We start with a new scalar but where now the vector \boldsymbol{y} is replaced by a vector \boldsymbol{x} and the matrix \boldsymbol{A} is a square matrix with dimension n\times n .
\alpha = \boldsymbol{x}^T\boldsymbol{A}\boldsymbol{x},with \boldsymbol{x} a vector of length n .
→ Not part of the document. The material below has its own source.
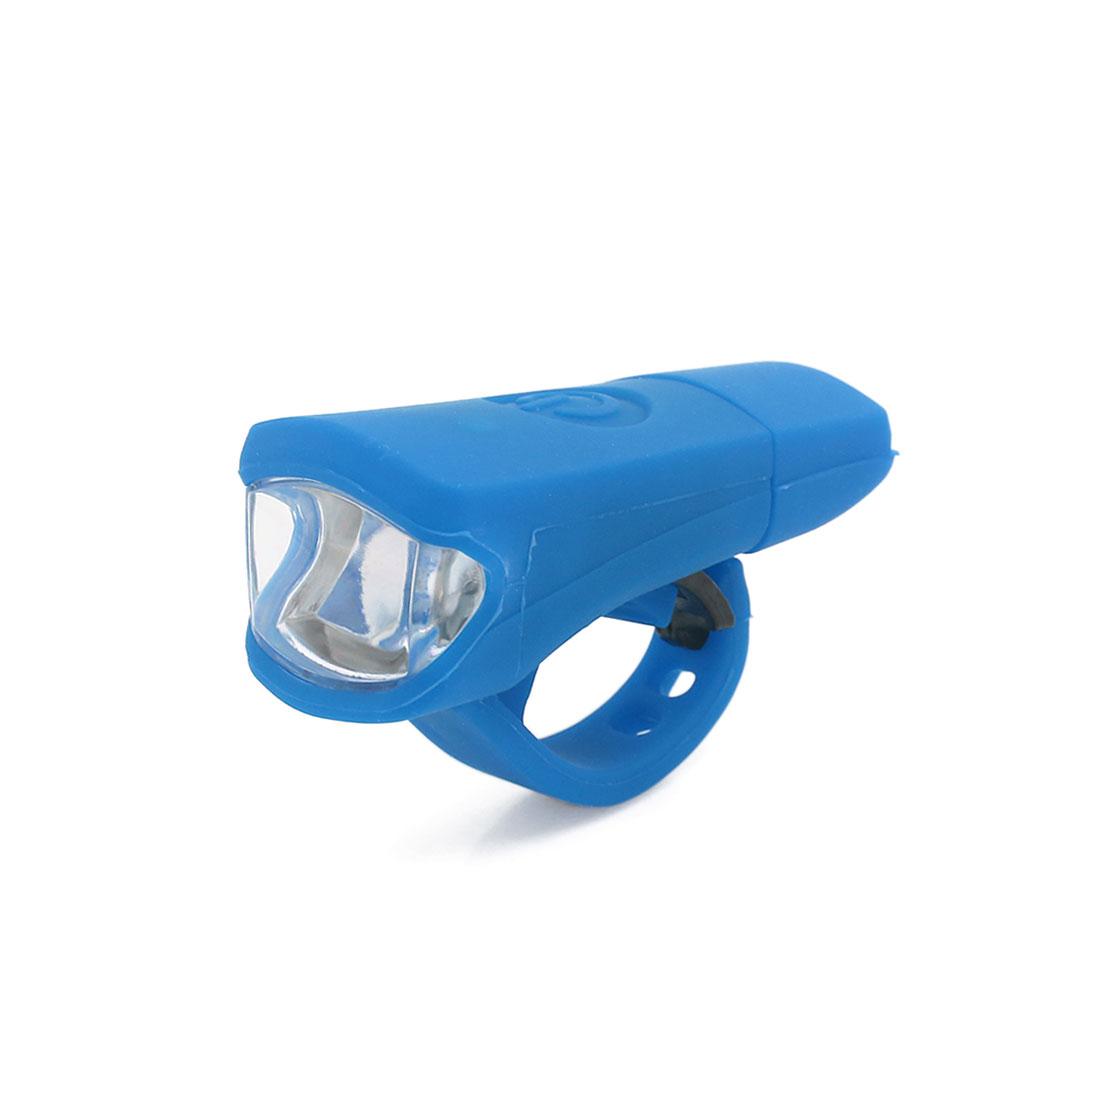 Universal Blue White Light 3 Modes 2 LED USB Rechargeable Bike Headlight

We write out the specific sums involved in the calculation of \alpha
\alpha = \sum_{i=0}^{n-1}\sum_{j=0}^{n-1}x_i a_{ij}x_j,taking the derivative of \alpha with respect to a given component x_k we get the two sums
\frac{\partial \alpha}{\partial x_k} = \sum_{i=0}^{n-1}a_{ik}x_i+\sum_{j=0}^{n-1}a_{kj}x_j,for \forall k =0,1,2,\dots,n-1 . We identify these sums as
\frac{\partial \alpha}{\partial \boldsymbol{x}} = \boldsymbol{x}^T\left(\boldsymbol{A}^T+\boldsymbol{A}\right).If the matrix \boldsymbol{A} is symmetric, that is \boldsymbol{A}=\boldsymbol{A}^T , we have
\frac{\partial \alpha}{\partial \boldsymbol{x}} = 2\boldsymbol{x}^T\boldsymbol{A}.